Самойлов пронизывающим взглядом уставился на Розанова, словно гипнотизируя его, и министр иностранных дел не выдержал:

– Вдвоем мы ничего не сможем сделать, – выдержка все же изменила Розанову, обычно вовсе избегавшему проявления чувств на публике, пусть даже и в присутствии единственного зрителя. Министр тоже встал, и принялся расхаживать по кабинету, благо, ковер глушил стук подошв. – За нами нет реальной силы, а авторитет Швецова очень высок. Конечно, можно обратиться к депутатам, начать процедуру импичмента, но едва ли мы добьемся успеха в этом.

– Дело не в успехе, а в отсутствии времени, – поправил своего собеседника Самойлов. – Даже если к нам прислушаются, американцы ждать не будет. Все, что у нас есть, это несколько дней, а потом все наши планы, все наши усилия уже никому не будут нужны. Начать войну легко, но нужно еще победить в ней.

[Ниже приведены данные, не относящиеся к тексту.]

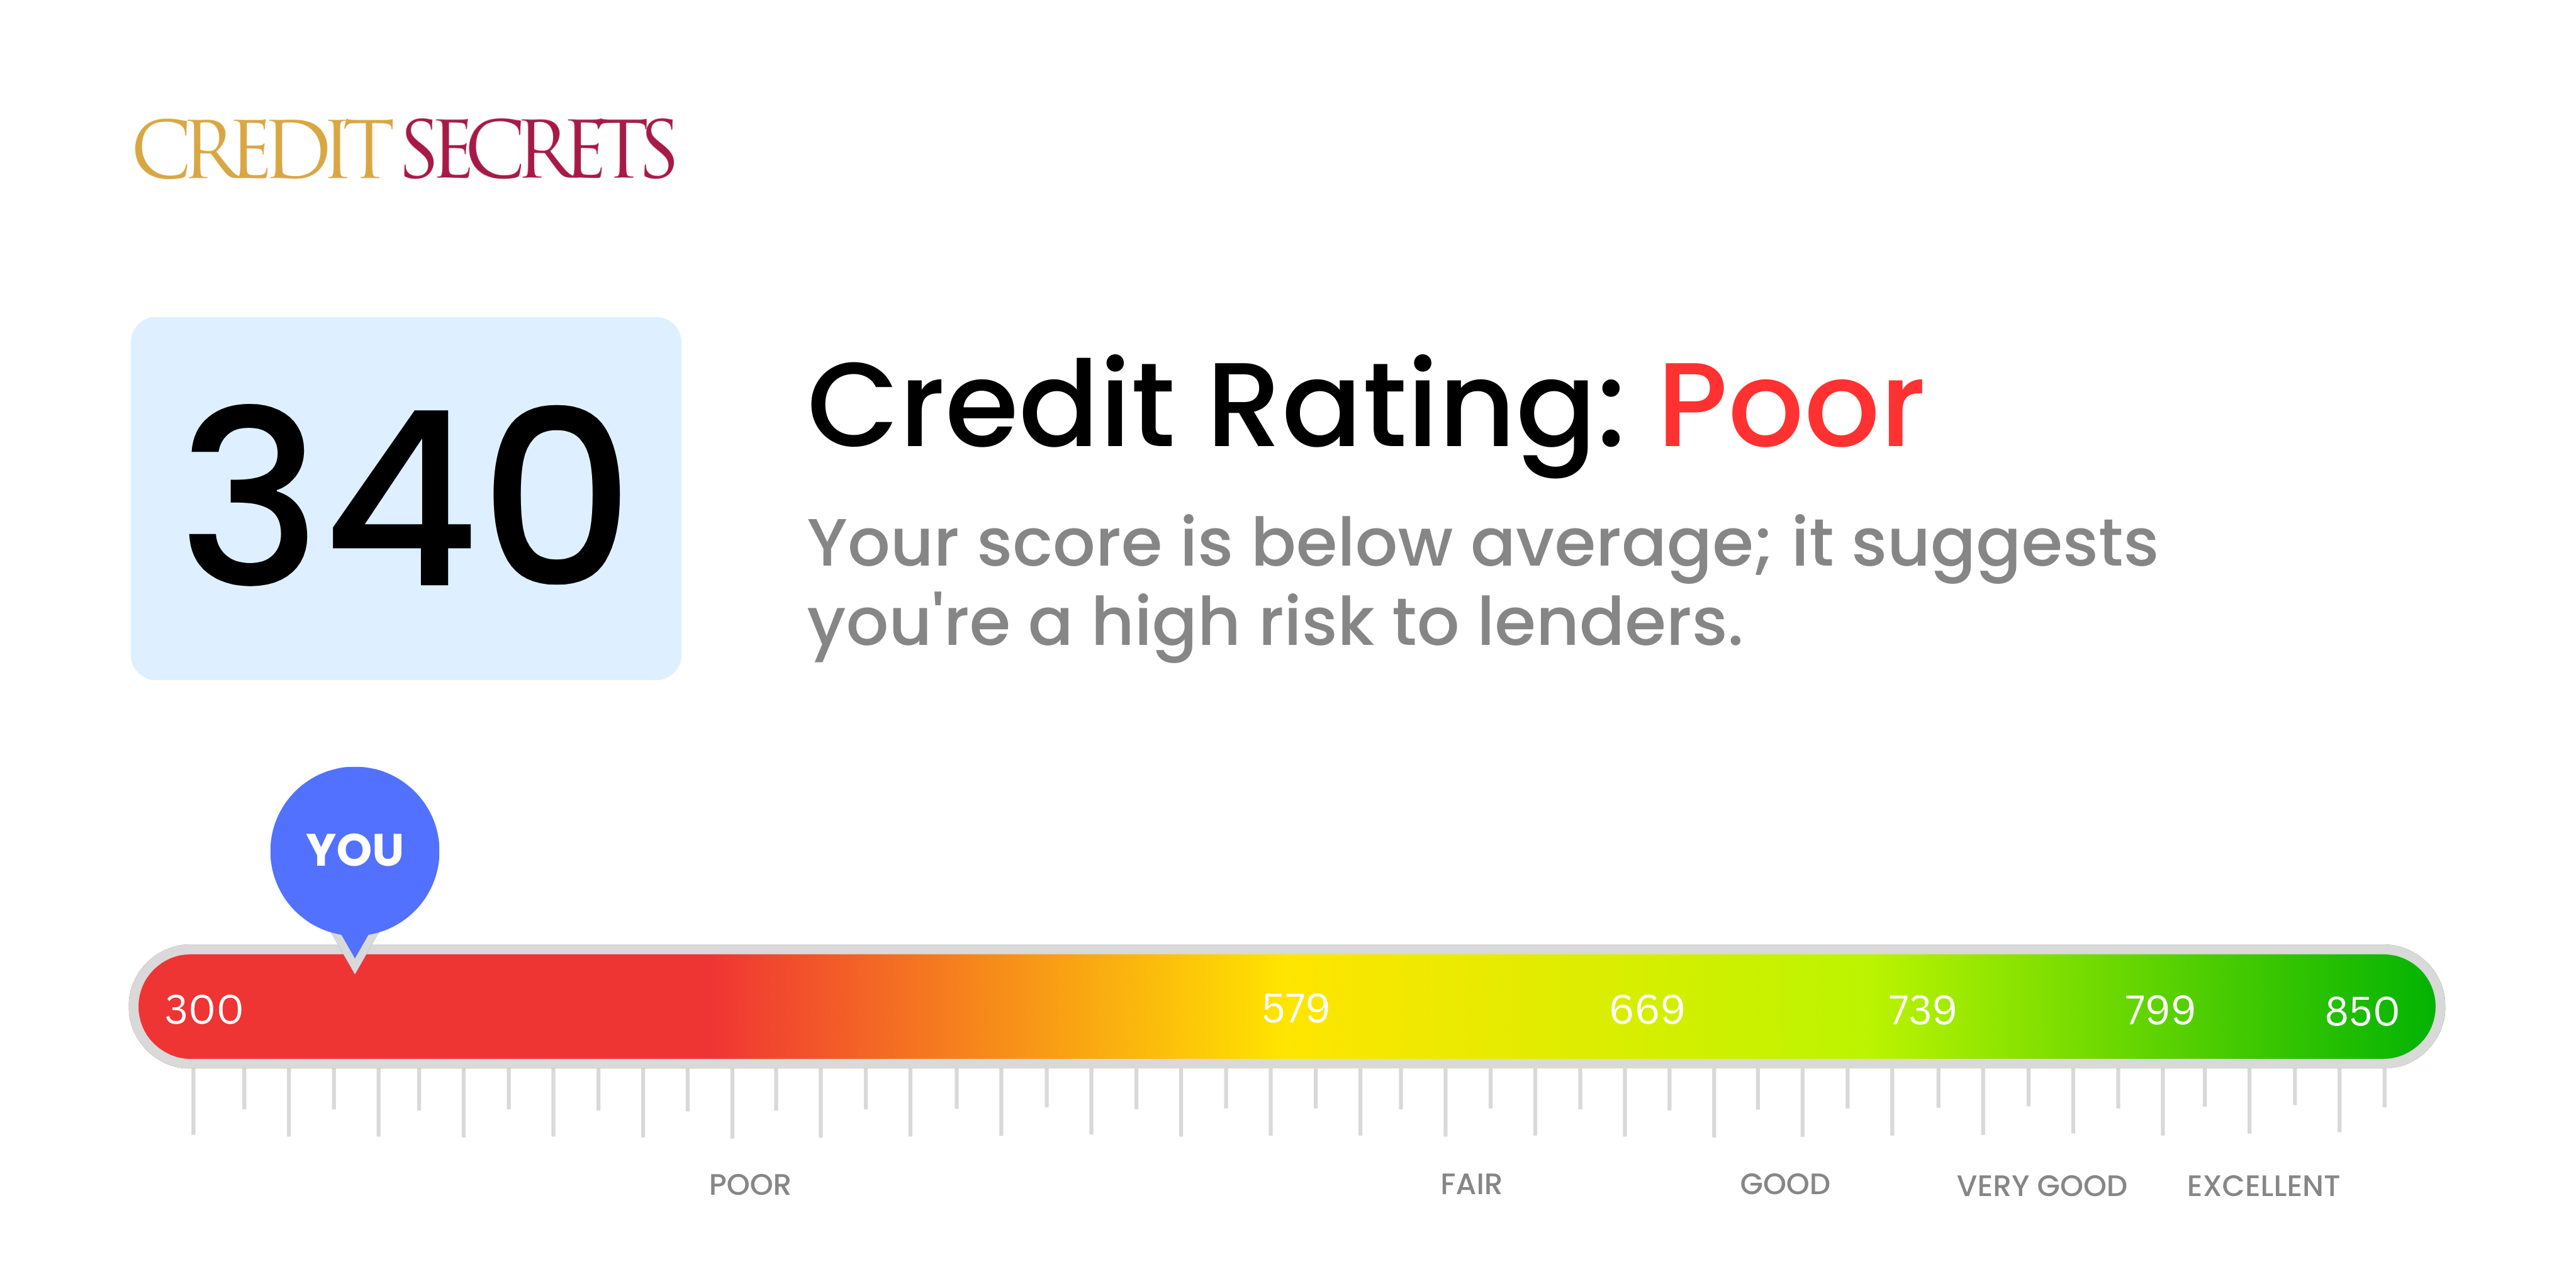 Is 340 a good credit score?

– Значит, законным путем Швецова нам не отстранить от власти, так? – Вопрос, который задал Розанов, явно был риторическим. – Значит, остается только силовой вариант. Но у нас под рукой нет лишней дивизии, которая выполнит любую твою или мою команду, а без этого затевать что-либо глупо.

– Да, нам нужны исполнители, их должно быть много, и они должны быть хорошо вооружены, – кивнул премьер-министр, только что одержавший важную победу, победу, значение которой переоценить было, пожалуй, невозможно. – Президента охраняют, и его телохранители запросто расстреляют даже нас, если почувствуют опасность для Швецова.

– И ты знаешь, где можно найти этих исполнителей? – почему-то Розанов был уверен, что получит утвердительный ответ.

– Военные помогут, – не разочаровал министра иностранных дел Самойлов.

– Не все военные, – заметил Розанов. – Среди офицеров авторитет президента сейчас очень высок, и они скорее расстреляют нас, если узнают, что мы задумали.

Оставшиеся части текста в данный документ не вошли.